SYNTHESIS: To a well stirred solution of 1.64 g of
1-(N-(benzyloxycarbonyl)amino)-1,1-dimethyl-2-(3,4-methylenedioxyphenyl)ethane
(see under MDPH for its preparation) in 10 mL anhydrous THF there was
added a suspension of 0.38 g LAH in 25 mL THF. All was held at reflux
for 24 h, the excess hydride was destroyed by the addition of 1.5 mL
H2O, and sufficient aqueous NaOH was added to make the reaction
mixture basic and flocculant enough to be filterable. The inorganic
solids were removed by filtration and, following washing with THF, the
combined filtrate and washings were stripped of organic solvent under
vacuum. The residue was dissolved in 100 mL Et2O and washed with 2x50
mL saturated aqueous NaHCO3. After drying the organic phase with
anhydrous MgSO4, the solvent was removed under vacuum to give a yellow
oil. This was dissolved in 50 mL absolute EtOH and neutralized with
concentrated HCl. Removal of the solvent under vacuum yielded an
off-white solid that was recrystallized from an EtOH/EtOAc mixture to
provide 0.84 g of a,a,N-trimethyl-3,4-methylenedioxyphenethylamine
hydrochloride (MDMP) with a mp of 206-208 °C. The NMR spectrum showed
the a,a-dimethyl pair as a singlet at 1.38 ppm. Anal. (C12H18ClNO2)
C,H,N.
DOSAGE: above 110 mg.
DURATION: perhaps 6 hours.
QUALITATIVE COMMENTS: (with 60 mg) There was a faint, dull alerting
at just over a half hour. The time sense was out of order, and an
absence of visuals but a generalized attentiveness to my surroundings
was suggestive of MDMA. Nothing remained at the six hour point.

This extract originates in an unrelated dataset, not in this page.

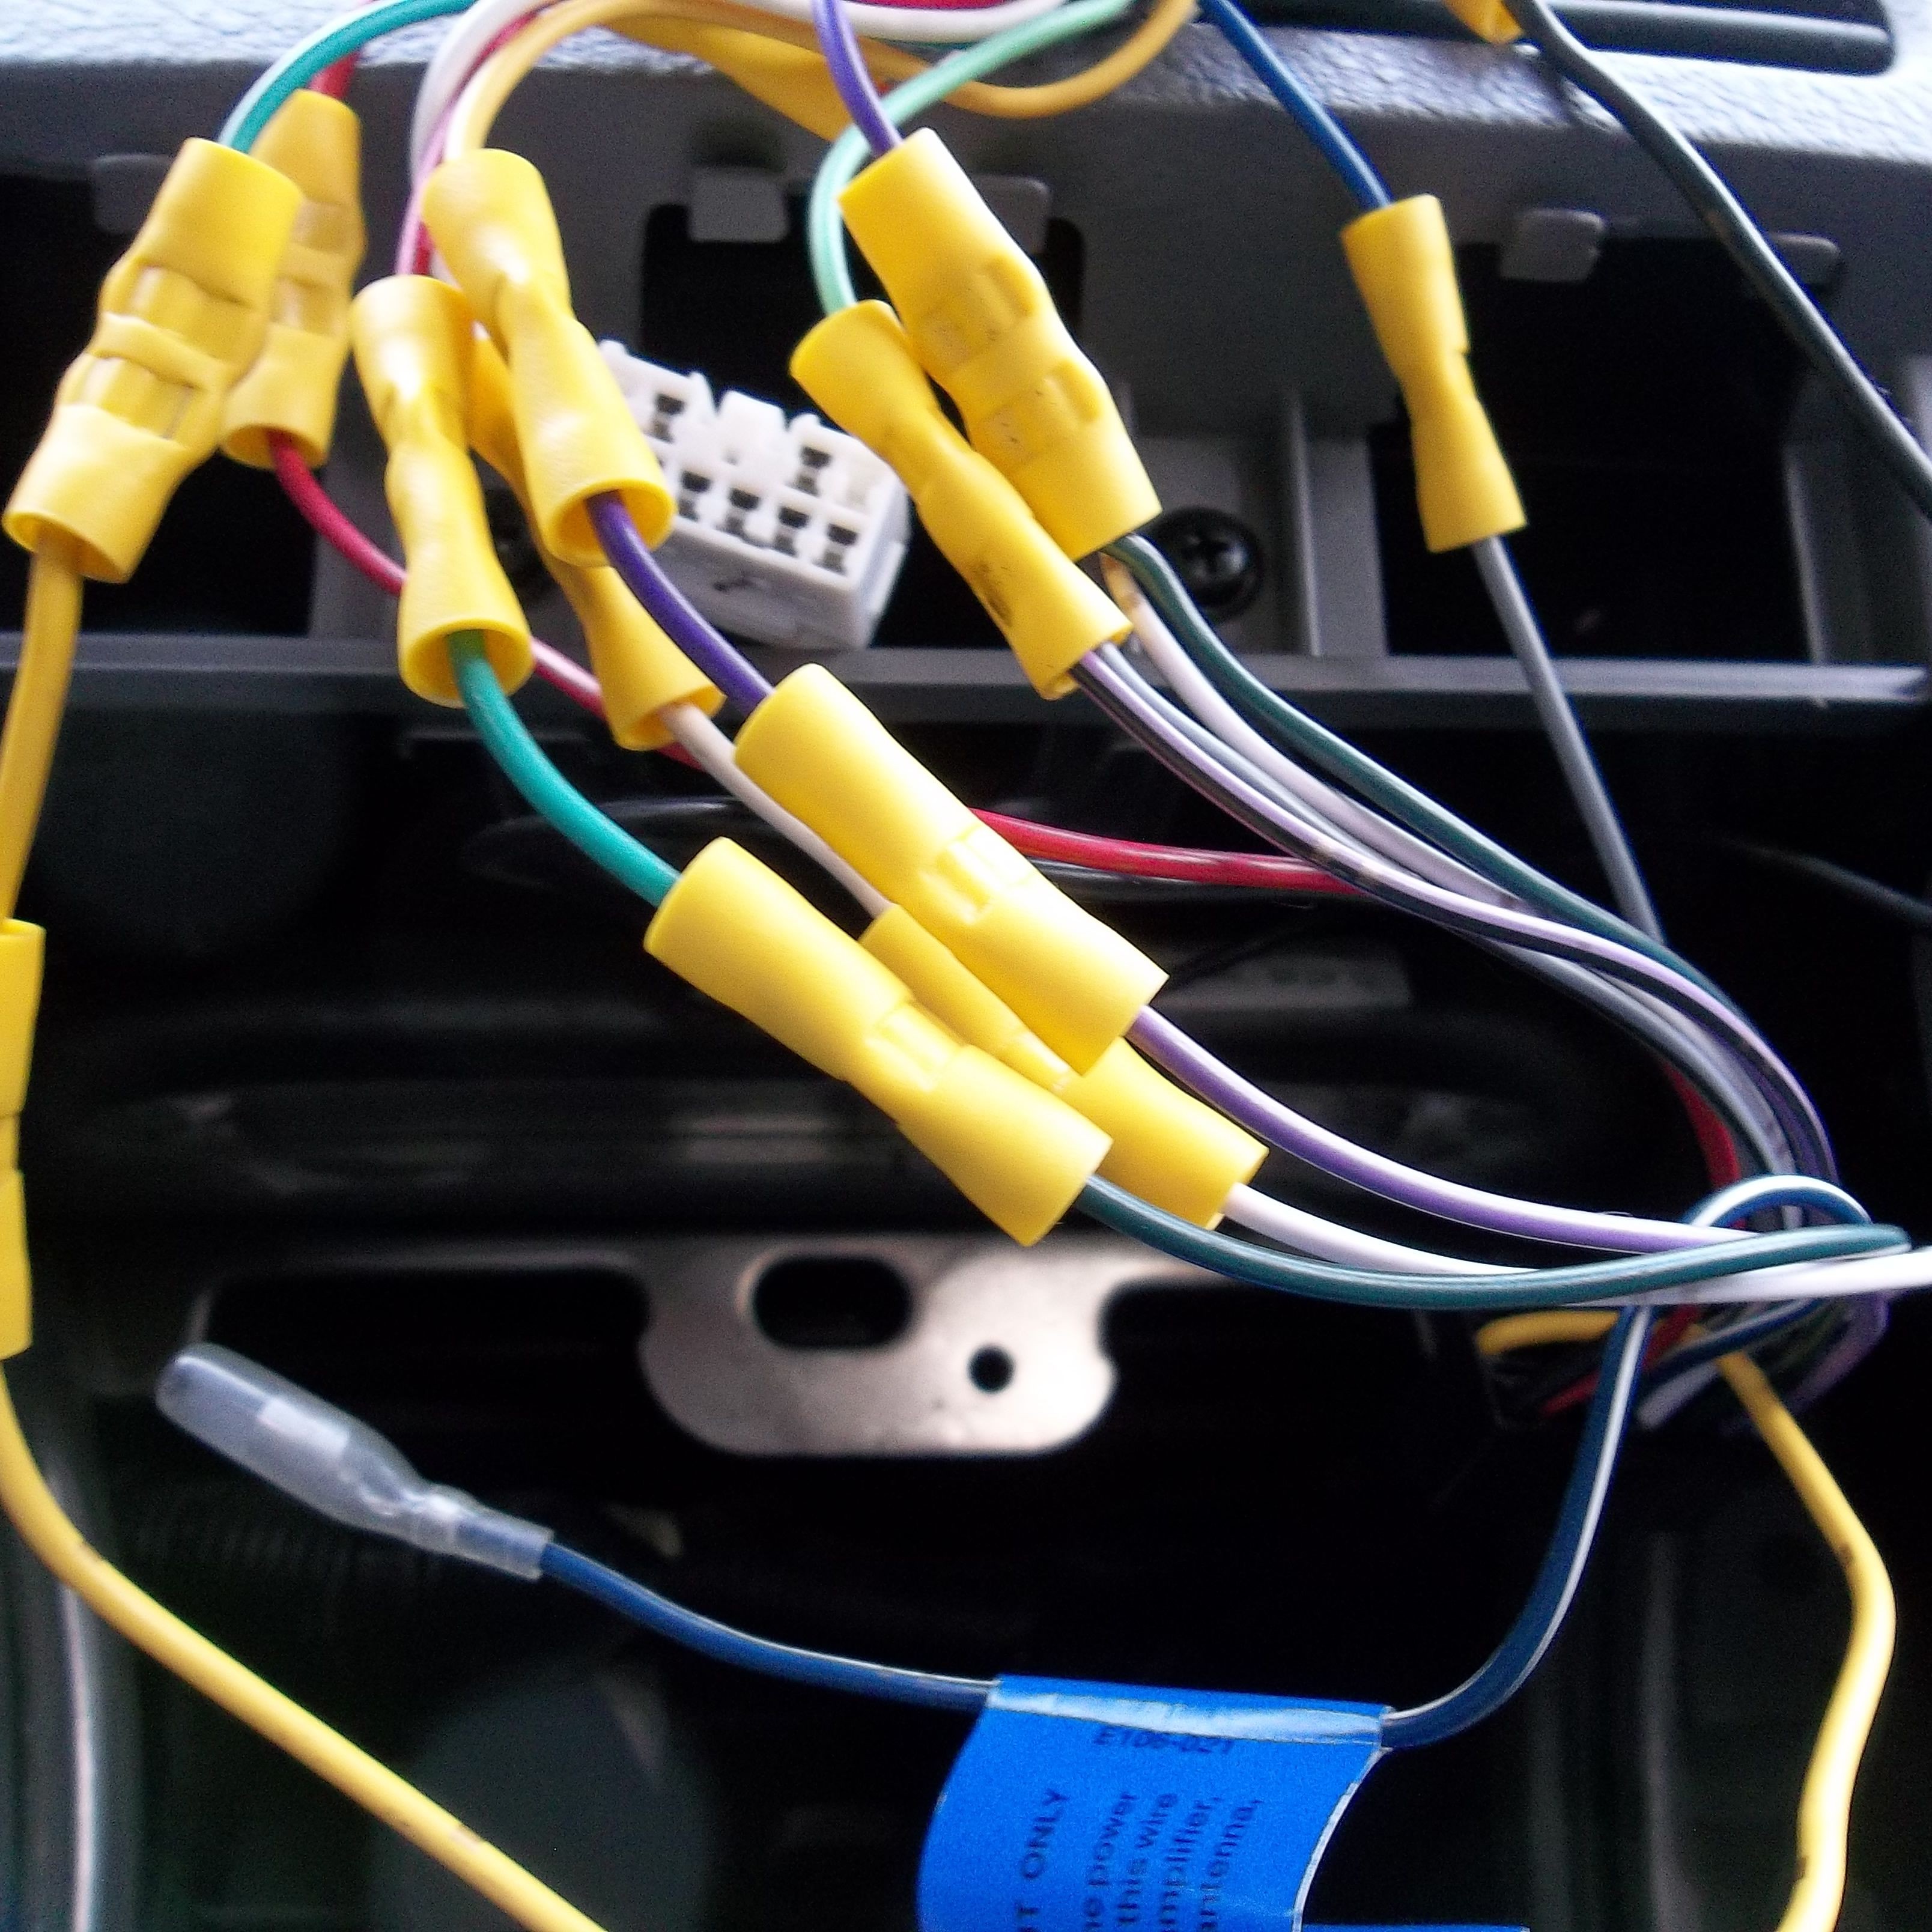 Car Amp Wiring Diagram What You Need to Know About Car Amp Wiring Of Car Amp Wiring Diagram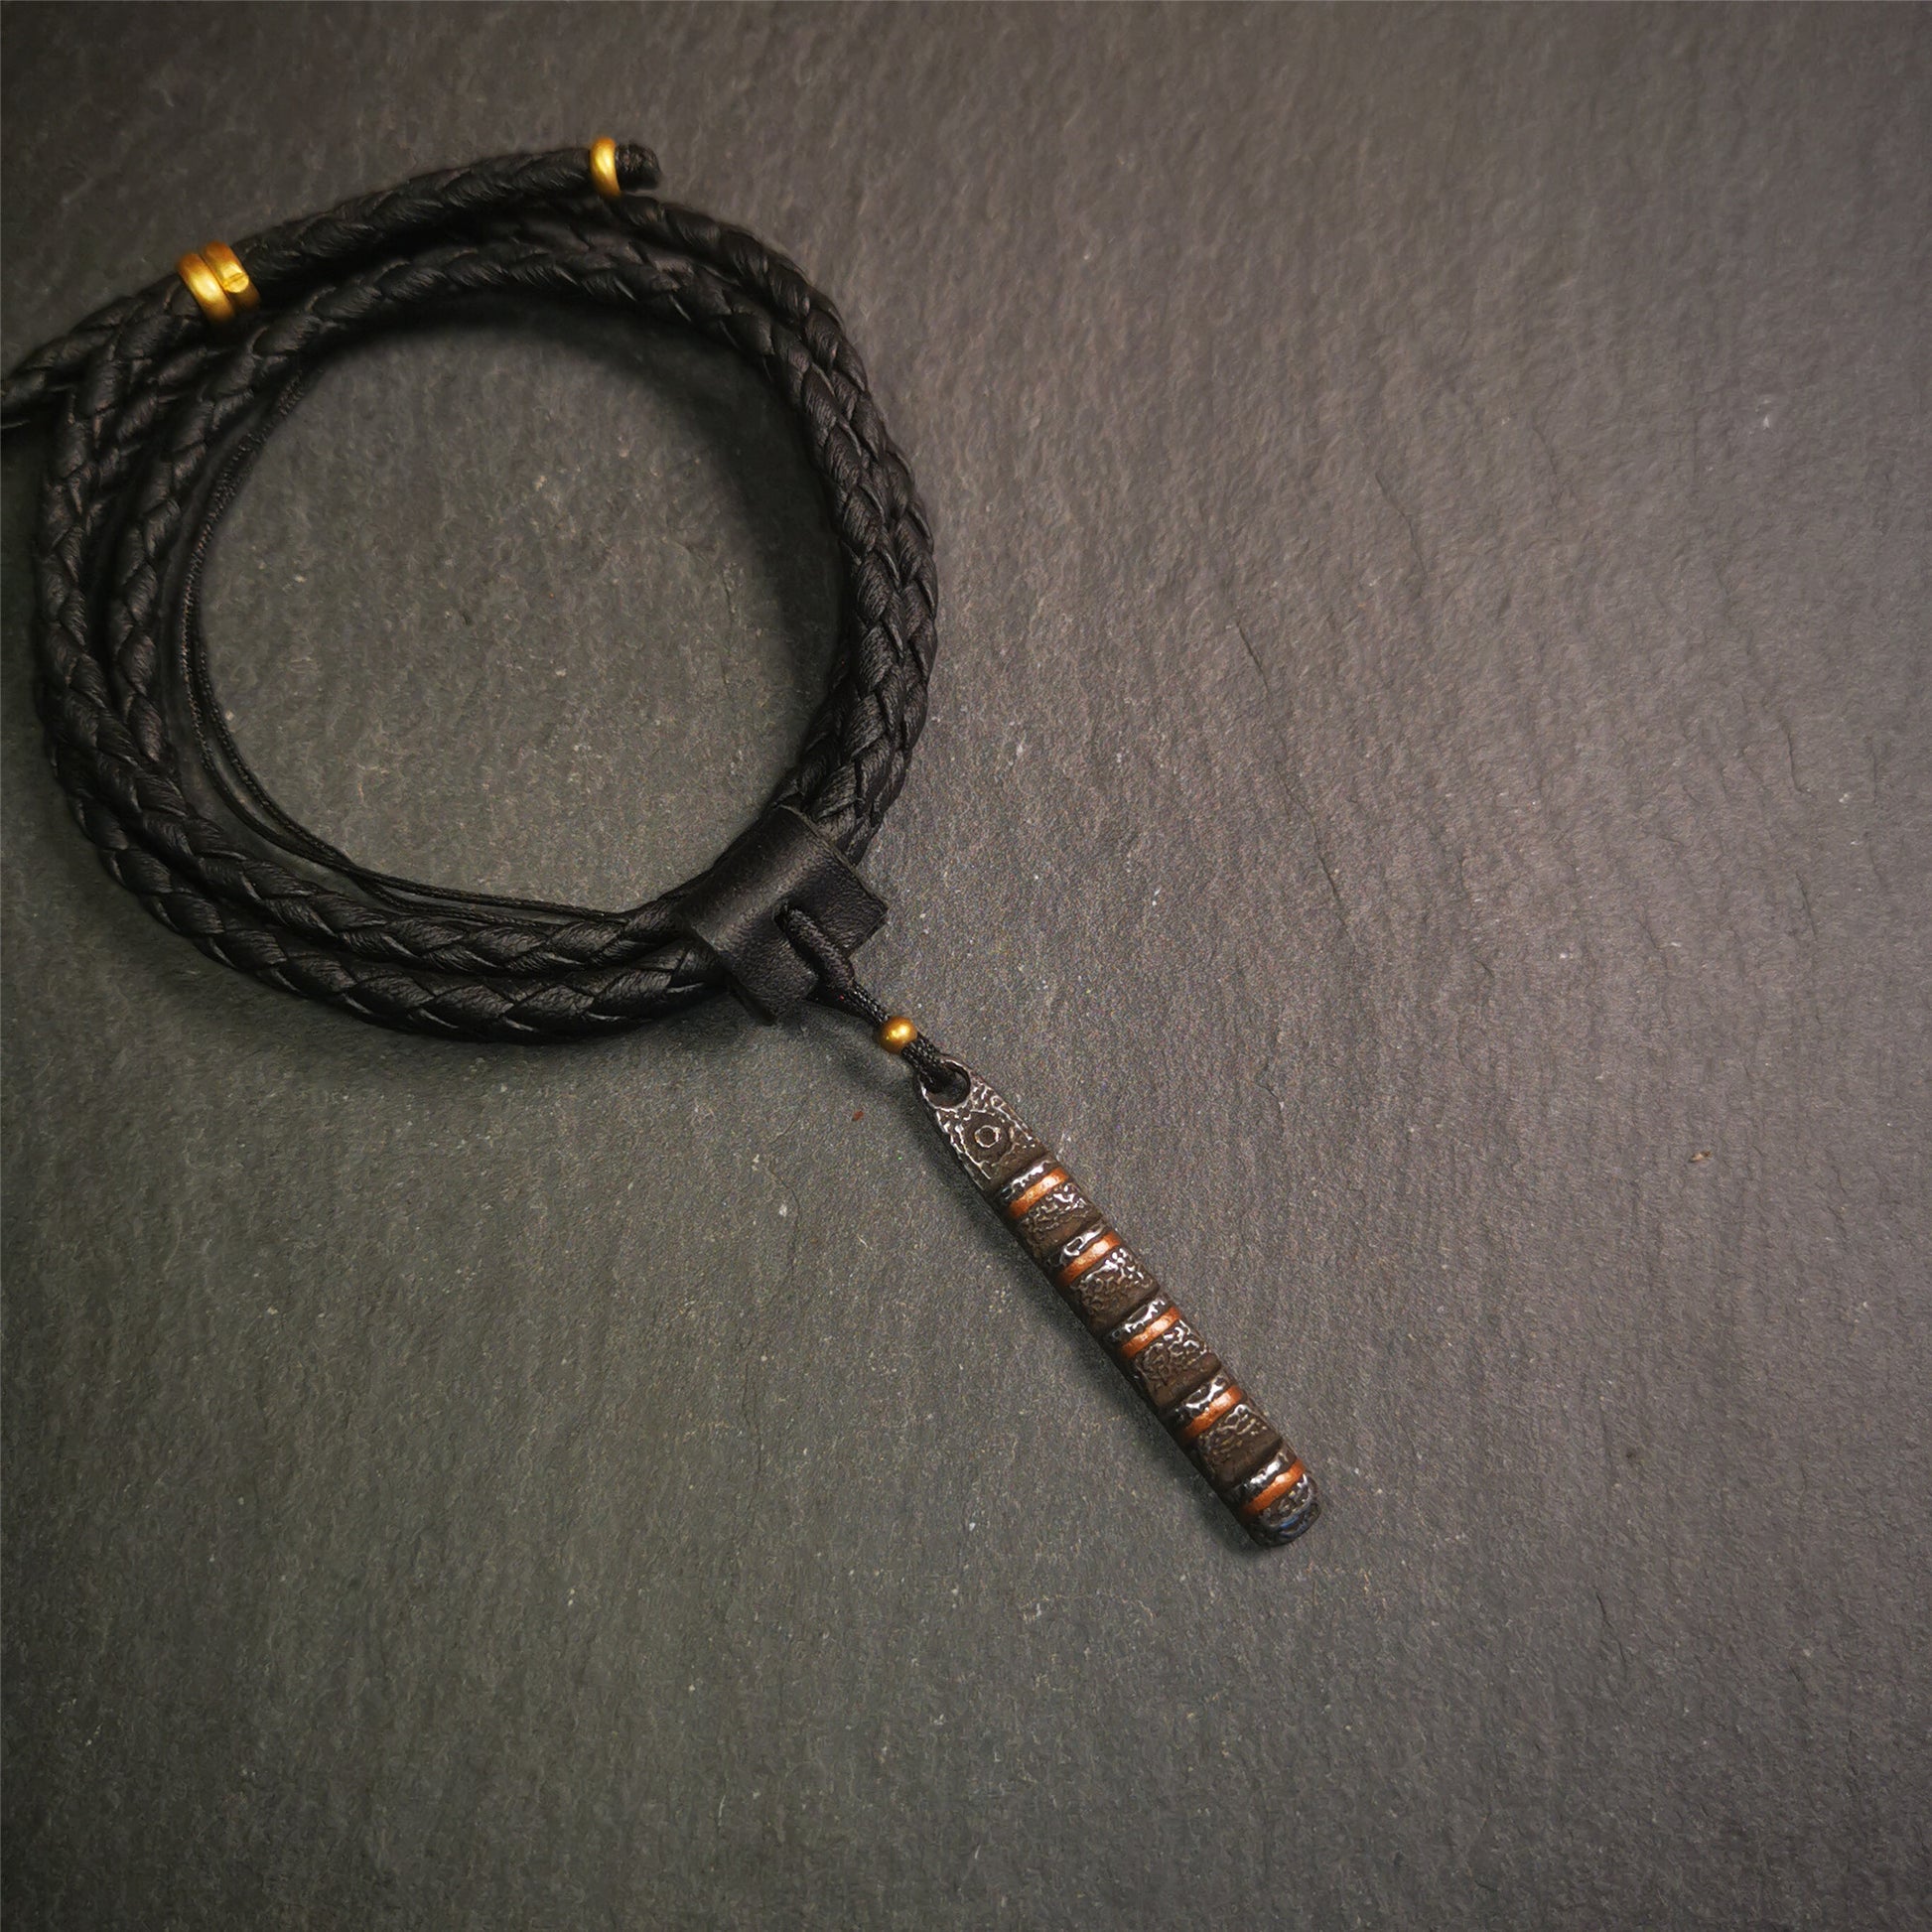 This unique Ladder pendant is made by Tibetan craftsmen. It is made of cold iron and copper, black color,the shape is Tibetan Ladder of Heaven,length is 45mm. You can make it into a pendant,keychain, or just put it on your desk,as an ornament.

(with 110 mg) There was a light-headedness, and a complete absence of
libido. Nothing in any way psychedelic, but there are hints of
discomfort (jaw tension) that will bear close watching at higher
dosages. It might evolve at higher levels into something like MDMA.
EXTENSIONS AND COMMENTARY: This is one of several candidates for
clinical use as a substitute for MDMA, but there will have to be a
much broader study of its qualitative action in man. It is clearly
not psychedelic at these modest levels, and in in vitro animal studies
it was apparently inactive as a serotonin releaser. The warped logic
for looking at phentermine analogs was discussed in the comments that
concerned MDPH. The initials used here have been chosen with care.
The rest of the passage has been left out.